Show each line of the data below in which "Garden" occurs.

## Data shown:
____________

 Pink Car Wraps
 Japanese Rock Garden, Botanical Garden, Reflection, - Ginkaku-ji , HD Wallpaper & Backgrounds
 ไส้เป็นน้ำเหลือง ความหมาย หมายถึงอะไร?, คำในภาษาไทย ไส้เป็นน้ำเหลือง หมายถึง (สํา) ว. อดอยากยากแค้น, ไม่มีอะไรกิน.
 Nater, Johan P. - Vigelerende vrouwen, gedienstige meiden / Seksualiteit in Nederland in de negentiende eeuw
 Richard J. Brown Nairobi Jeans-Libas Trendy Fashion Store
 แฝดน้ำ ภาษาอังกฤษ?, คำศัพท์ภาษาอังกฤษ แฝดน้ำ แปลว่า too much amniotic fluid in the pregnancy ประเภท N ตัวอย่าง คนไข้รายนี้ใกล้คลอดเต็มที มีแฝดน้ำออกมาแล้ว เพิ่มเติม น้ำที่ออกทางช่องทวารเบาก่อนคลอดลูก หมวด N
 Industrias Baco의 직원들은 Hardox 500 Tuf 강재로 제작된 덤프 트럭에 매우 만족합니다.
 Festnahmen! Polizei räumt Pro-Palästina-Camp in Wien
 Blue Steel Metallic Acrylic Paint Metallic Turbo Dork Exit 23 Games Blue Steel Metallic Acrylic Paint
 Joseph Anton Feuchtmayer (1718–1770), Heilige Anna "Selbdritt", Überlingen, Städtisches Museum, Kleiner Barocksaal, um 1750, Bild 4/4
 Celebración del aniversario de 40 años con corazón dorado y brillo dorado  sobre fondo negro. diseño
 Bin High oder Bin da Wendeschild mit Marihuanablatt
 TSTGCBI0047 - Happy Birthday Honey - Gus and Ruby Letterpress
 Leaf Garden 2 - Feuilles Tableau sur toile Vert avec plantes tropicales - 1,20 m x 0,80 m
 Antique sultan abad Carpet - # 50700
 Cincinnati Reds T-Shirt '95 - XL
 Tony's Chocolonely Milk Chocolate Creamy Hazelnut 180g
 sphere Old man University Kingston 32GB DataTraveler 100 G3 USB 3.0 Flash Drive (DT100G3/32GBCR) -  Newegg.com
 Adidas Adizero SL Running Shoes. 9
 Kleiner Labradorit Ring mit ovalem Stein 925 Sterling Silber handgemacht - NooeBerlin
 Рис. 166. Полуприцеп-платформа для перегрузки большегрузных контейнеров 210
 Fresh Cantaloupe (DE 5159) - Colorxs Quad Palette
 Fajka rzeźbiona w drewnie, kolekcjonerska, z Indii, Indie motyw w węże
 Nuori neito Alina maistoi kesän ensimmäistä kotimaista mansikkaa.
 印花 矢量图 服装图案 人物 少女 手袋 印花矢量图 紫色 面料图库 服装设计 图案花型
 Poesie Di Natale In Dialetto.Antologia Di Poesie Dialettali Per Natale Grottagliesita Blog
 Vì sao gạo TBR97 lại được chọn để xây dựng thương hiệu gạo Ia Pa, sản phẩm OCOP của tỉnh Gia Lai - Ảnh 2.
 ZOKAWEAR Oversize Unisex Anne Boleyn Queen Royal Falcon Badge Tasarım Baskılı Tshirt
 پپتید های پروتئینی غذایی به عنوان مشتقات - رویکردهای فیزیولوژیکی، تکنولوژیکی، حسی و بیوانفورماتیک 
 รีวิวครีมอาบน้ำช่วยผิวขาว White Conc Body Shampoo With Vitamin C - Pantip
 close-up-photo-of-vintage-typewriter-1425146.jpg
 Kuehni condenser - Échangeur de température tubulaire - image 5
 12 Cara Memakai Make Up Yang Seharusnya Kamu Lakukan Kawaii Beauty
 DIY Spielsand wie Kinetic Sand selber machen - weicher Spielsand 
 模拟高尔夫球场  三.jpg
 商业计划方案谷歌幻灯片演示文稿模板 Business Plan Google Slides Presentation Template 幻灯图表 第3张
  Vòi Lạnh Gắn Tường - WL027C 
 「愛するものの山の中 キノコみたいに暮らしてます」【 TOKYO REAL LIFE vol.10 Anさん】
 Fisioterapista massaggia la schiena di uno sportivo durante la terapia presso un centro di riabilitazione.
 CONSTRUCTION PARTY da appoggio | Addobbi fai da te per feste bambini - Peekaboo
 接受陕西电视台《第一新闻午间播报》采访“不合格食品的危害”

____________

## Answer to the exercise:
 Japanese Rock Garden, Botanical Garden, Reflection, - Ginkaku-ji , HD Wallpaper & Backgrounds
 Leaf Garden 2 - Feuilles Tableau sur toile Vert avec plantes tropicales - 1,20 m x 0,80 m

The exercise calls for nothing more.